Can you transcribe the data exactly? Leave the pictures out.

_Provided data_
= = = = =

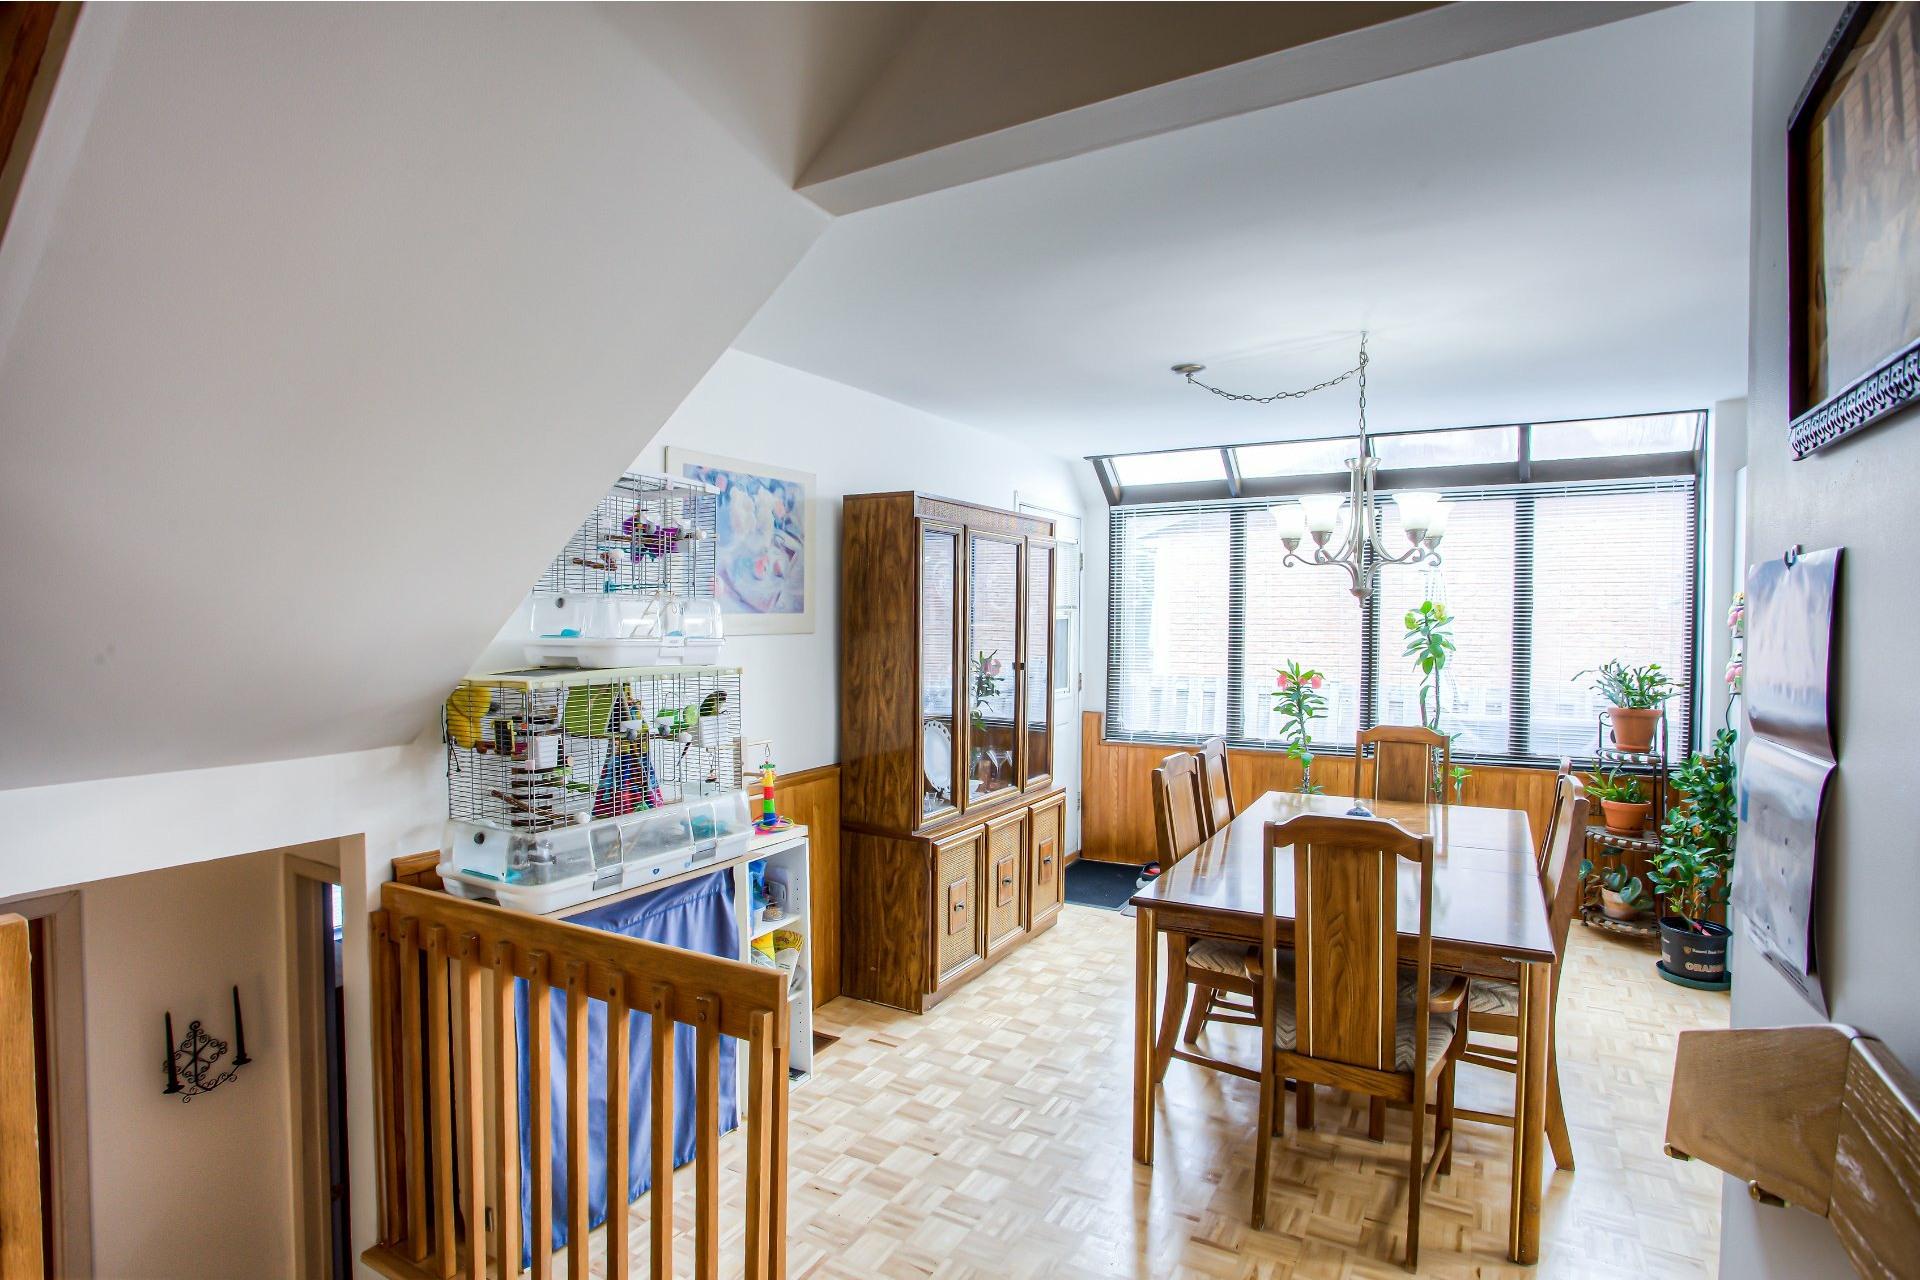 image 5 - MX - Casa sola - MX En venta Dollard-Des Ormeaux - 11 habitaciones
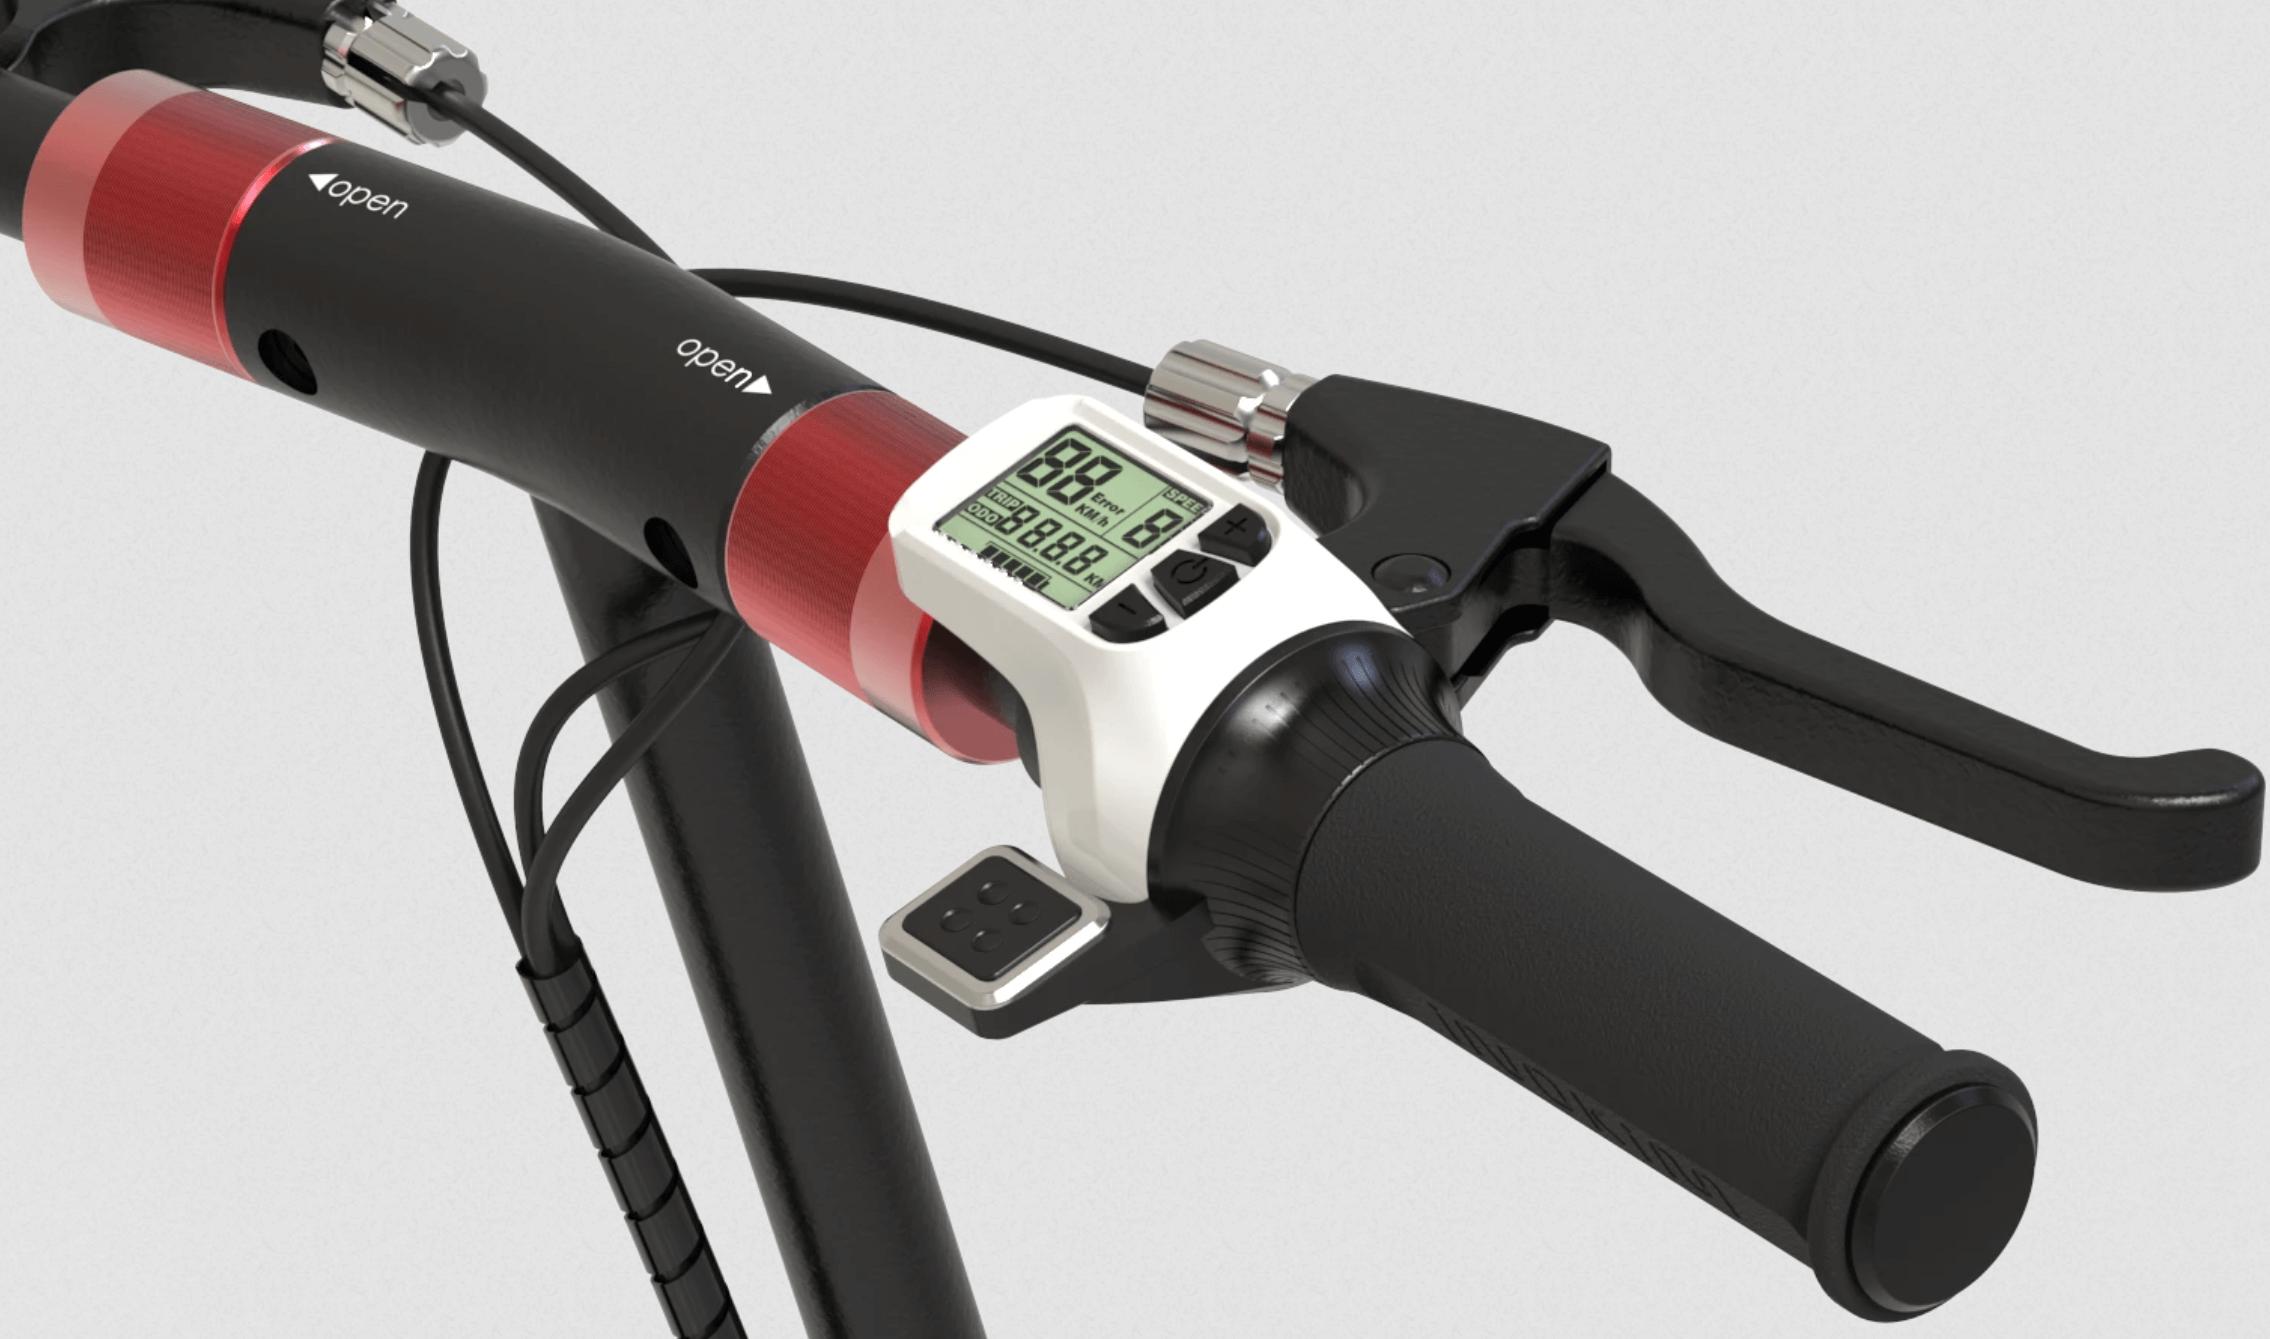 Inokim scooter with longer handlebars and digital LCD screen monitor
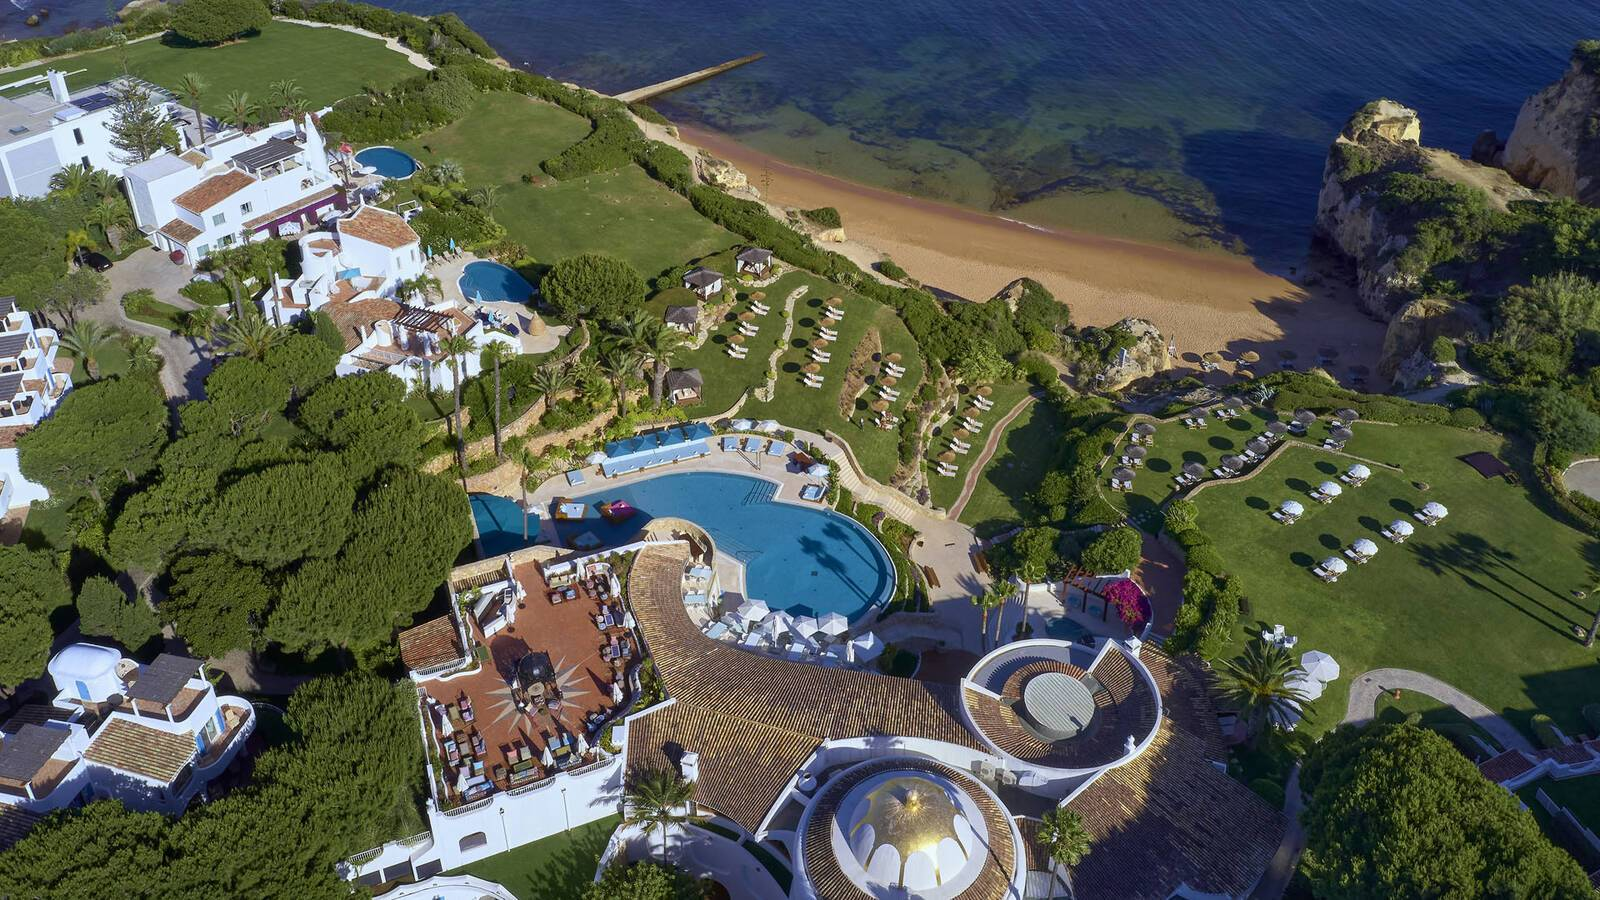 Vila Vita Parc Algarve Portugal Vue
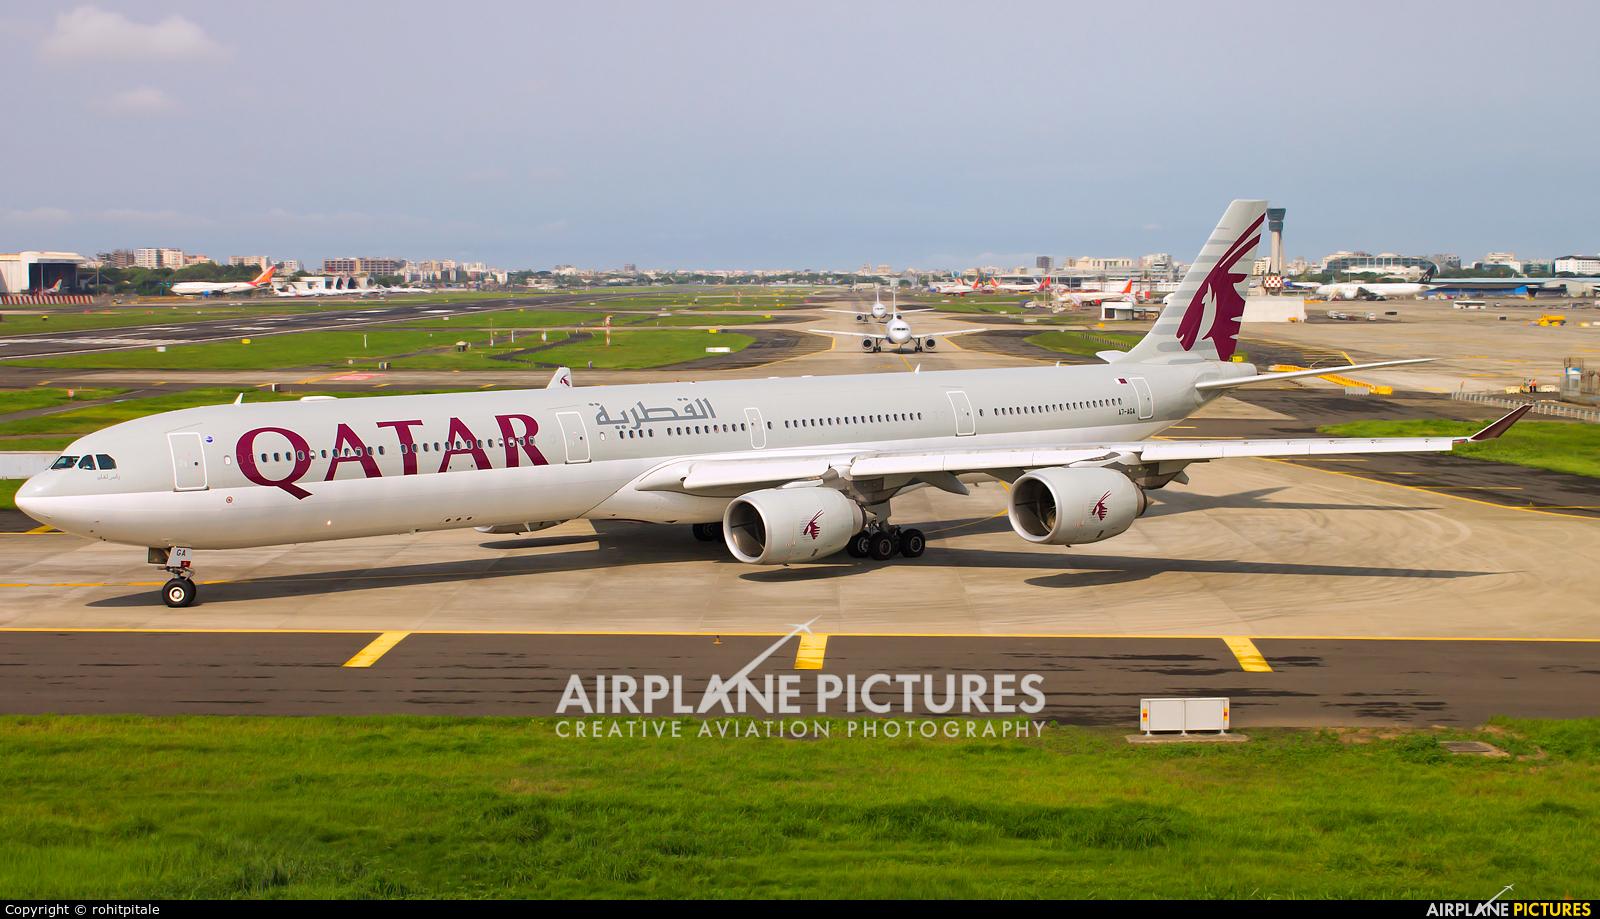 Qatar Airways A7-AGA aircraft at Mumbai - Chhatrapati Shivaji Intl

= = = = =

_Solution below_
 image 5 - MX - Casa sola - MX En venta Dollard-Des Ormeaux - 11 habitaciones
 Inokim scooter with longer handlebars and digital LCD screen monitor
 Vila Vita Parc Algarve Portugal Vue
 Qatar Airways A7-AGA aircraft at Mumbai - Chhatrapati Shivaji Intl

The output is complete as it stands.